Malgré ces chiffres prometteurs, les experts économiques tirent encore la sonnette d'alarme quant à la fragilité de la situation économique et financière du pays. En effet, l'économie tunisienne présente, 6 ans après le déclenchement de la révolution, de nombreuses vulnérabilités qui pèsent sur sa croissance. Le déficit budgétaire chronique et la forte dépréciation du dinar ne font qu'alimenter davantage la dette publique. Il devient de ce fait, urgent dans un contexte social difficile, d'adopter et de mettre en œuvre de vraies réformes concertées afin de consolider les perspectives économiques, transcendant les tractions politiques et relancer la croissance à 5% comme espéré en 2020.

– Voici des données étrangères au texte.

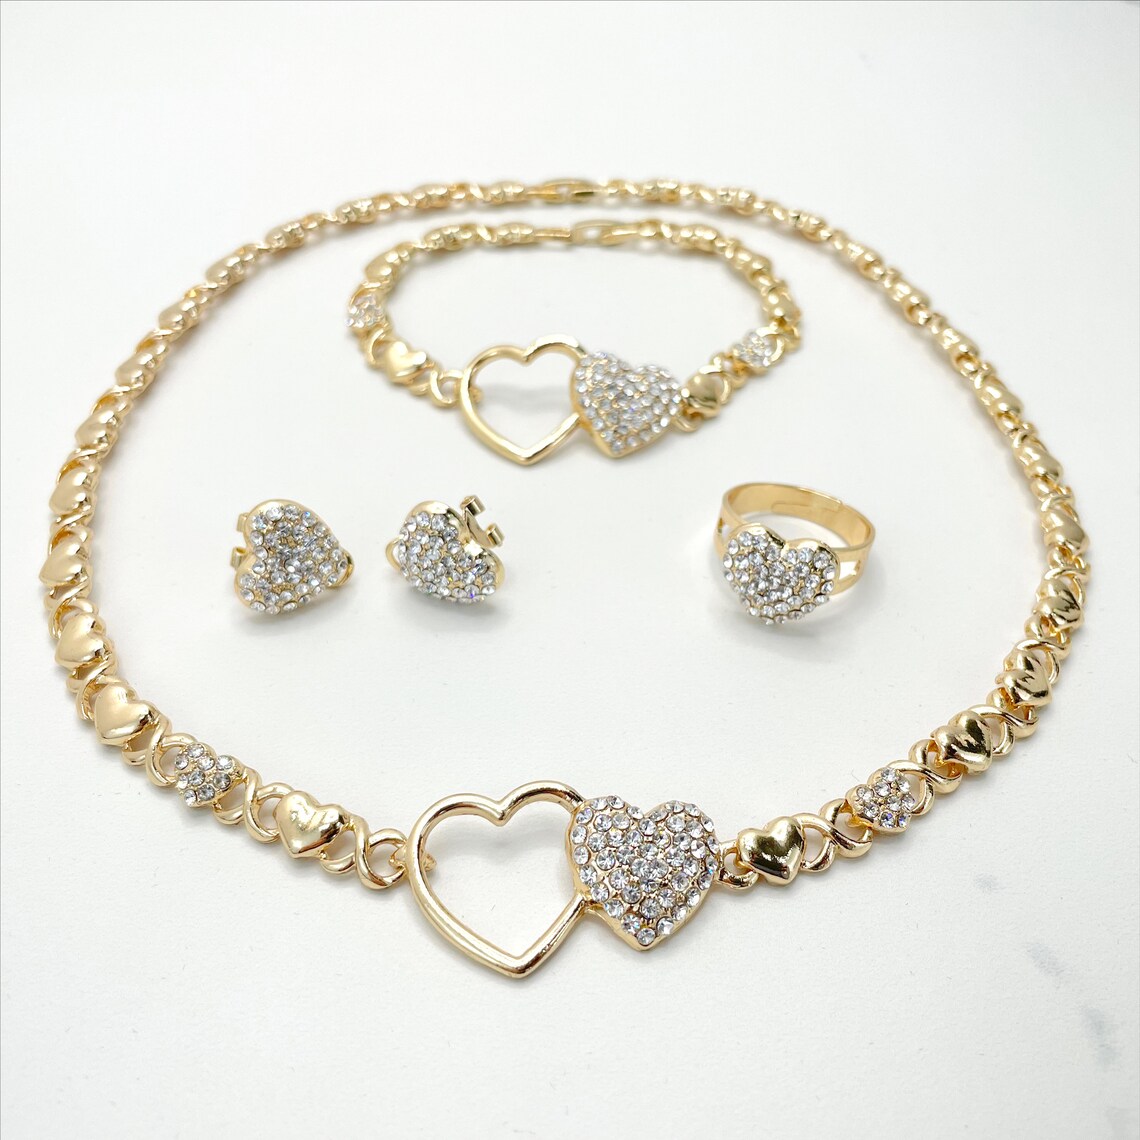 Cubic Zirconia Double Hearts with XoXo Chain Necklace Bracelet Ring Earrings Set

L'année 2018 sera cruciale, il est donc impératif d'éviter l'enlisement dans la crise économique par l'adoption des politiques économiques loin de toute décision impulsive et de toute stratégie erronée. Ainsi, la reprise de la croissance et de l'investissement, la stabilisation macroéconomique et l'accélération du rythme des réformes et la lutte contre le chômage demeurent les plus grands défis à relever et devraient susciter l'attention du gouvernement vu qu'ils représentent des dossiers prioritaires. La Tunisie a indubitablement, réalisé des avancées au niveau de la transition politique, mais la transition économique reste incertaine. Espérons que l'année 2018 nous offrira une opportunité pour sortir du gouffre et redresser la donne économique.